Objectieve informatie

Goudswaard: ‘Uit onderzoek blijkt dat het ontvangen van artsenbezoekers leidt tot ongewenst voorschrijfgedrag dat niet conform de richtlijnen is, duurder is en niet altijd beter voor de patiënt. Dat is de reden waarom wij het advies durven geven aan onze leden om individueel geen artsenbezoekers meer te ontvangen. Je moet dan wel alternatieven bedenken, zodat de industrie toch haar informatie kwijt kan. Bijvoorbeeld door te zeggen: “Ga maar naar de apotheker, doe daar je verhaal maar.” Dat vindt de industrie natuurlijk niet leuk, maar we zijn er niet om haar te plezieren.’ De Koning knikt. Ook voor de patiënt kan deze manier van werken beter zijn, meent hij. Een zwangere vrouw die twijfelt of ze wel of niet moet stoppen met haar antidepressivum, geeft hij graag een objectief advies. ‘De fabrikant kan er belang bij hebben te zeggen dat voortzetting van het gebruik onschadelijk is, maar ik heb dat belang niet. Ik vind het essentieel om zoiets heel goed uit te zoeken. Ik denk ook dat de literatuur voor mij makkelijker toegankelijk is dan voor een huisarts met een overvol spreekuur.’ Goudswaard beaamt dat. ‘Al kan ook niet iedere apotheker dat.’

Doen wat de arts zegt

Daarmee komt het gesprek op de knelpunten tussen huisartsen en apothekers, want het is natuurlijk niet altijd koek en ei tussen de twee beroepsgroepen. ‘Er hóéft helemaal geen frictie te zijn’, zegt Goudswaard. Het NHG-Standpunt Farmacotherapiebeleid in de huisartsenzorg stelt immers dat er ‘goede samenwerkingsafspraken dienen te zijn tussen huisarts en apotheker over hun taken en verantwoordelijkheden voor verantwoorde zorgverlening’. ‘Dus wie als huisarts geen goede afspraken heeft met de apotheker, doet iets niet goed.’ ‘Klopt’, zegt De Koning, ‘maar in de praktijk gaat het wel eens moeizamer.’ Hij wijt dit aan ‘angst voor het onbekende’ van de huisarts en aan een gebrek aan vertrouwen in de apotheker. ‘Neem polyfarmaciepatiënten.

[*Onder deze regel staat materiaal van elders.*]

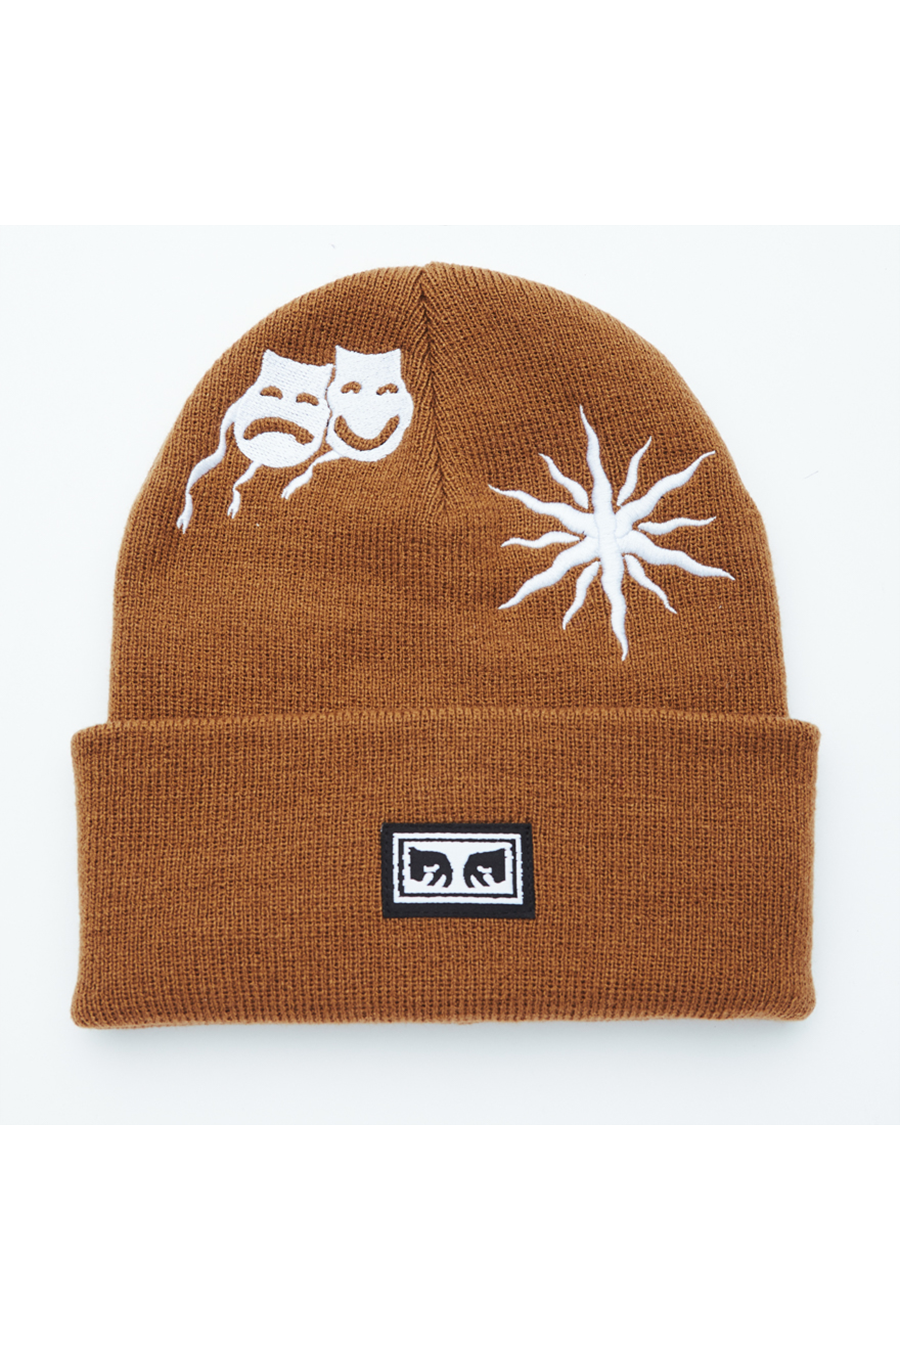 Flash Beanie | Duck Brown - Main Image Number 1 of 2

Ik heb als apotheker het overzicht over het totale geneesmiddelengebruik, terwijl specialisten van elkaar niet eens weten wat ze allemaal voorschrijven. Dus ik kijk naar het hele profiel van zo’n patiënt, die soms wel vijftien verschillende medicijnen gebruikt. Ik zie dan wel eens dat er sprake is van ondoelmatig gebruik, of van een niet-adequate behandeling. Als ik me daarmee tot de huisarts wend, is de eerste reactie – en nu generaliseer ik enorm – heel afhoudend en afstandelijk. Maar als ik daar doorheen kan komen en ik echt iets kan betekenen voor zo’n patiënt, dan krijg ik daarna vaak veel vragen om dingen uit te zoeken. Dan heb ik het vertrouwen gewonnen.’ De Koning wil niet klagen, zegt hij. ‘Ik ben nu dertig jaar apotheker. Toen ik begon, mocht ik niet met patiënten praten en mocht ik geen handverkoop in mijn apotheek hebben. Ik mocht alleen afleveren wat de huisarts goed dunkte en slechts op dosis controleren. Inmiddels is er veel ten goede veranderd, al kan het nog beter.’ De samenwerking en het onderlinge vertrouwen kunnen bijvoorbeeld nog worden verbeterd, zegt hij, evenals de afspraken die gemaakt worden in fto’s, formularia en nascholingen.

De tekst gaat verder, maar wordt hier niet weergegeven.